The usual caveats apply: this is just using country-wide data and the sources may not have collected it with the same precision in each country. Nevertheless, it is a first step.

First, we'll import the data analysis package pandas for Python. We could just write up the functions themselves (in fact this is done at the end) as they are not going to be very complex, but why re-invent the wheel?

In [1]:
import pandas as pd

Next, we import the two data sets. The first, on cousin marriage, comes from Prof Alan Bittles of Edith Cowan University via fivethirtyeight.com, and can be imported like so:

In [2]:
cousin_df=pd.read_csv('https://raw.githubusercontent.com/fivethirtyeight/data/master/cousin-marriage/cousin-marriage-data.csv')

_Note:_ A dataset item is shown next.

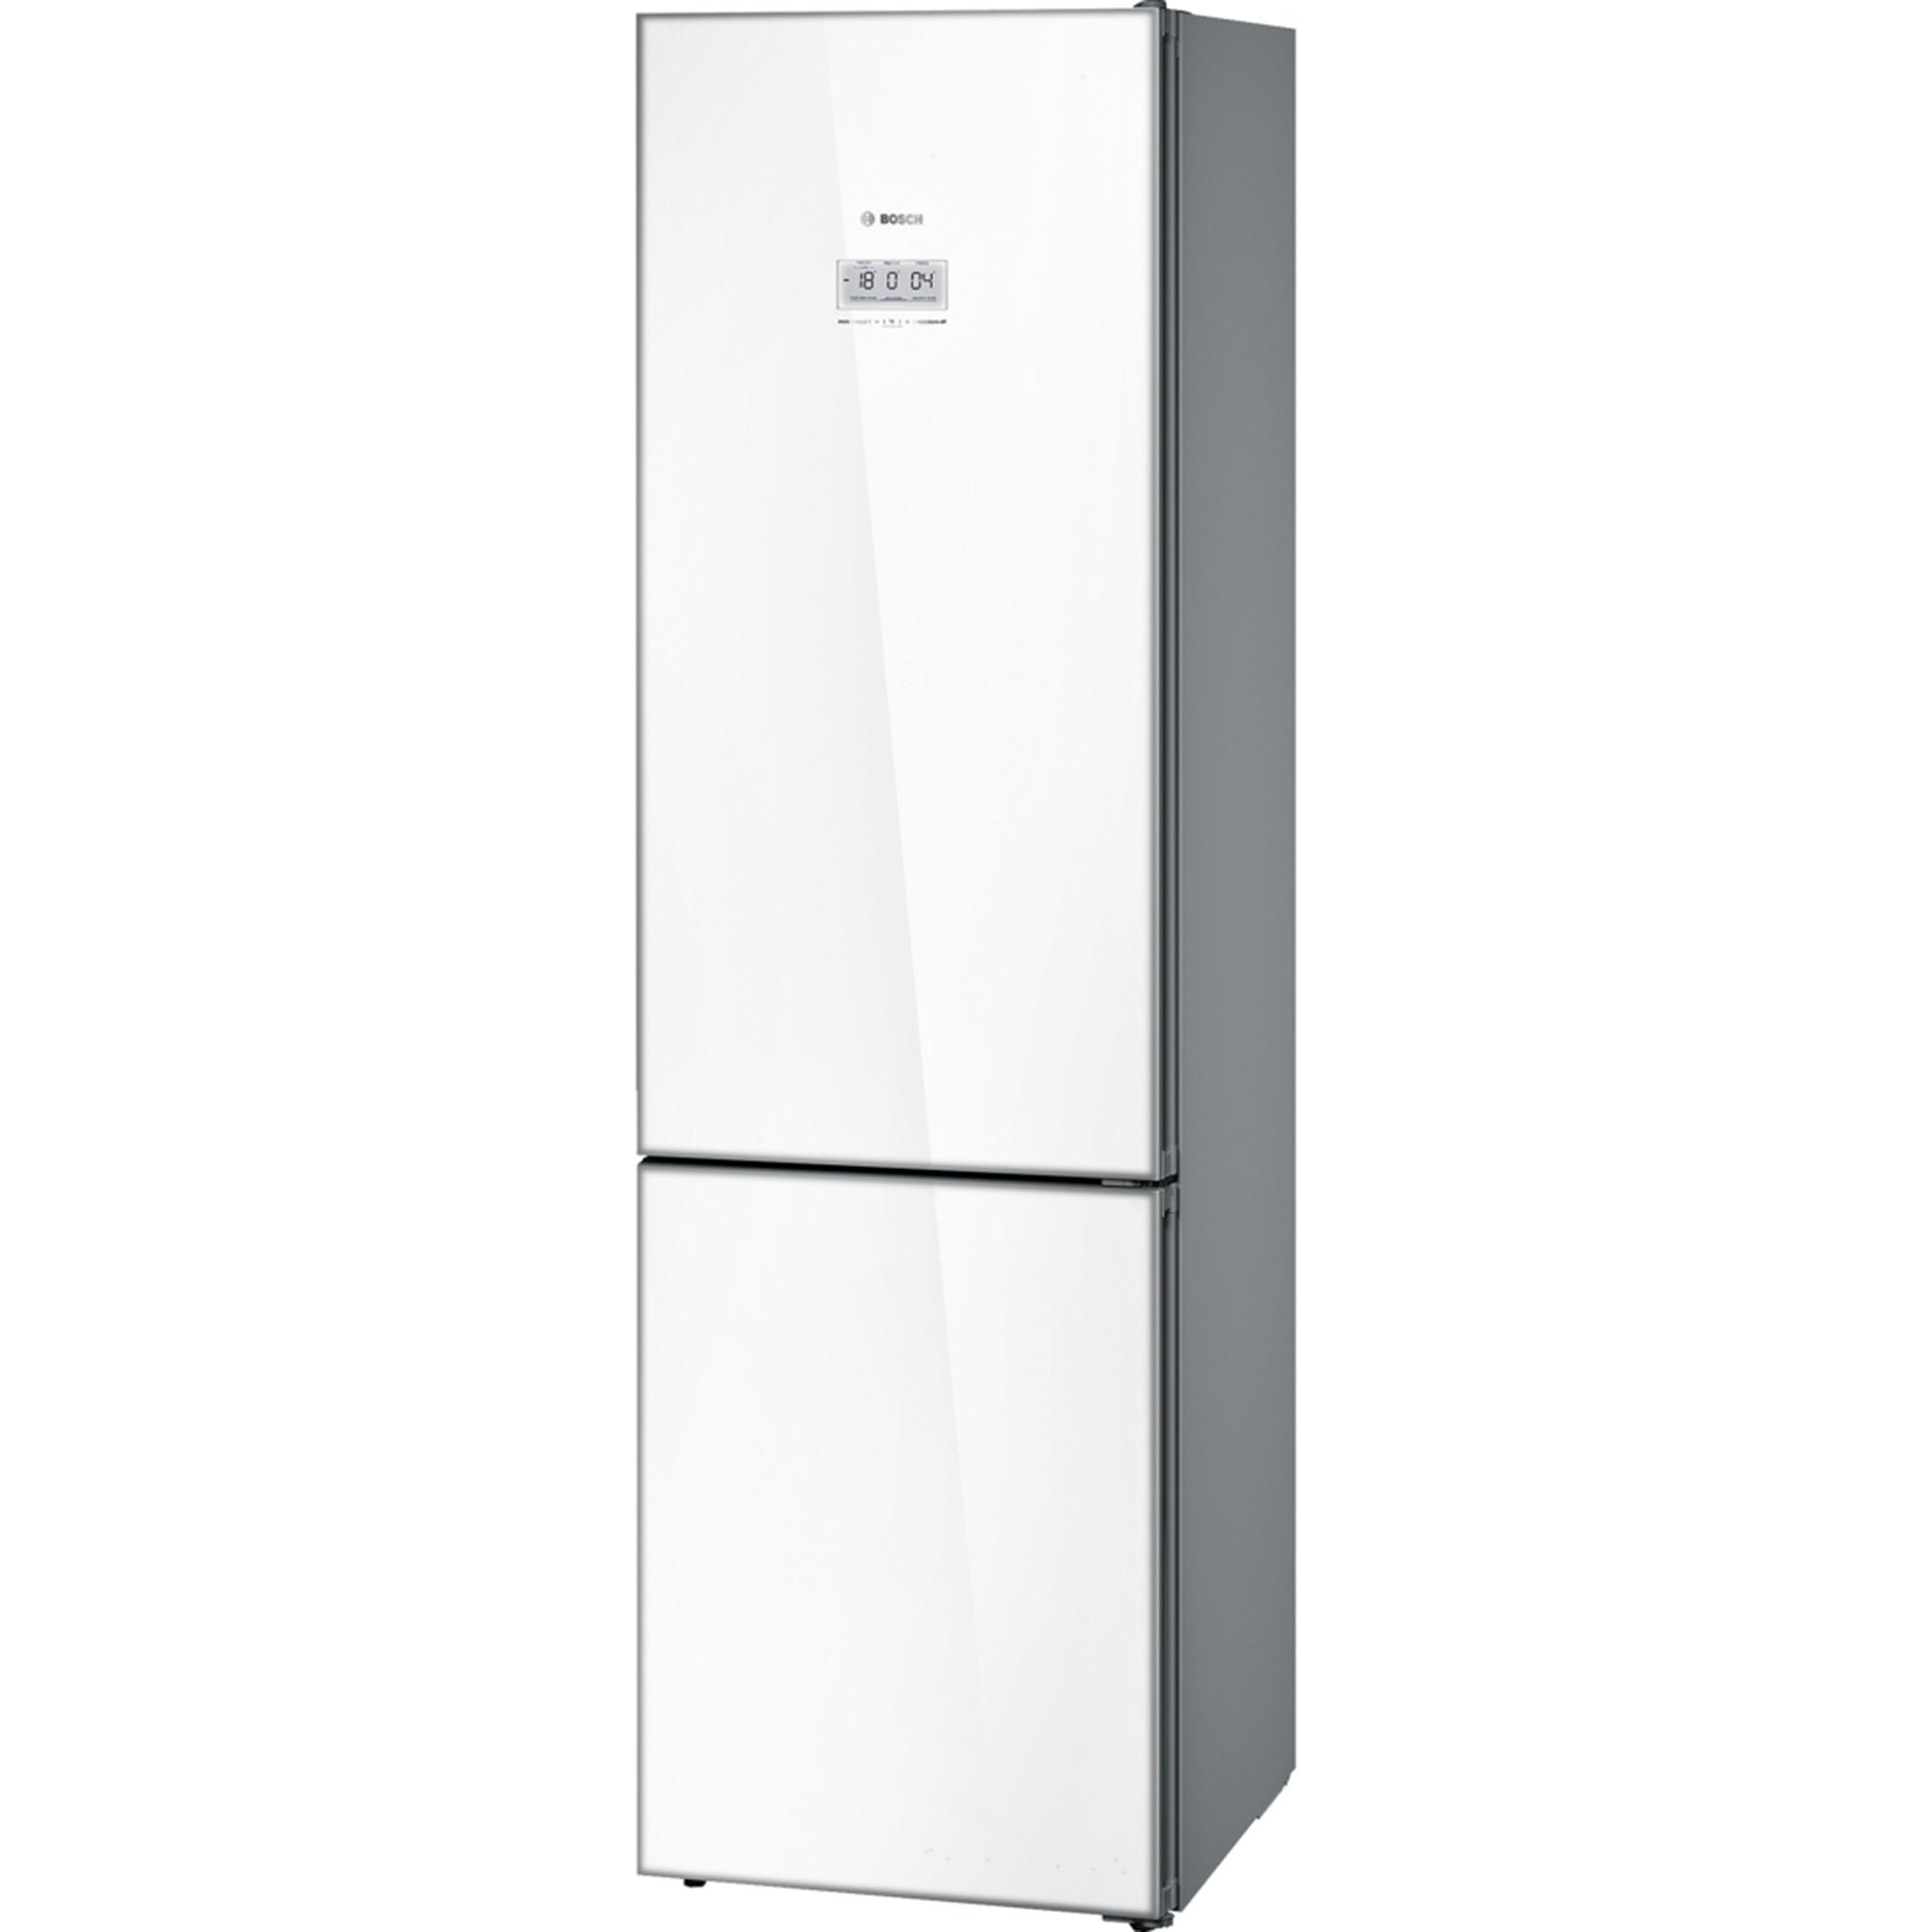 Fotografie Combina frigorifica Bosch KGF39SW45, 343 l, Clasa A+++, No Frost, VitaFresh Pro, Iluminare LED, WiFi Ready, H 203 cm, Alb

Note that this is not a list, but a data frame:

In [3]:
type(cousin_df)
Out[3]:
pandas.core.frame.DataFrame

We can peek at the top lines of the data frame with the head() command:

In [4]:
cousin_df.head()
Out[4]:
Country Percent
0 Burkina Faso 65.8
1 Kuwait 51.7
2 Nigeria 51.2
3 Pakistan 51.0
4 Sudan 50.4

Wow, Burkina Faso is way out ahead. Next, we import the other data set on cousin marriage. This comes courtesy of the World Health Organization via fivethirtyeight.com.

In [5]:
alco_df=pd.read_csv('https://raw.githubusercontent.com/fivethirtyeight/data/master/alcohol-consumption/drinks.csv')
In [6]:
alco_df.head()
Out[6]:
country beer_servings spirit_servings wine_servings total_litres_of_pure_alcohol
0 Afghanistan 0 0 0 0.0
1 Albania 89 132 54 4.9
2 Algeria 25 0 14 0.7
3 Andorra 245 138 312 12.4
4 Angola 217 57 45 5.9

Now, a quick glance at both sets shows that there are some naming inconsistencies, e.g. one having the USA under 'United States' and the other under 'USA'. This would be a problem with larger data sets, but we can just do some ad hoc editing here. We will replace 'The Netherlands' by 'Netherlands', 'USA' by 'United States' and 'Great Britian' by 'United Kingdom'. To do this, use the 'replace' function on the dataframe, with a dictionary telling the 'to_replace' command what to do. The second command, inplace='True', tells it to replace the old data frame with the new, correct one.

In [7]:
alco_df['country'].replace(to_replace={'USA':'United States'},inplace=True)

For the other dataframe we must replace two entries:

In [8]:
cousin_df['Country'].replace(to_replace={'The Netherlands':'Netherlands','Great Britain':'United Kingdom'},inplace=True)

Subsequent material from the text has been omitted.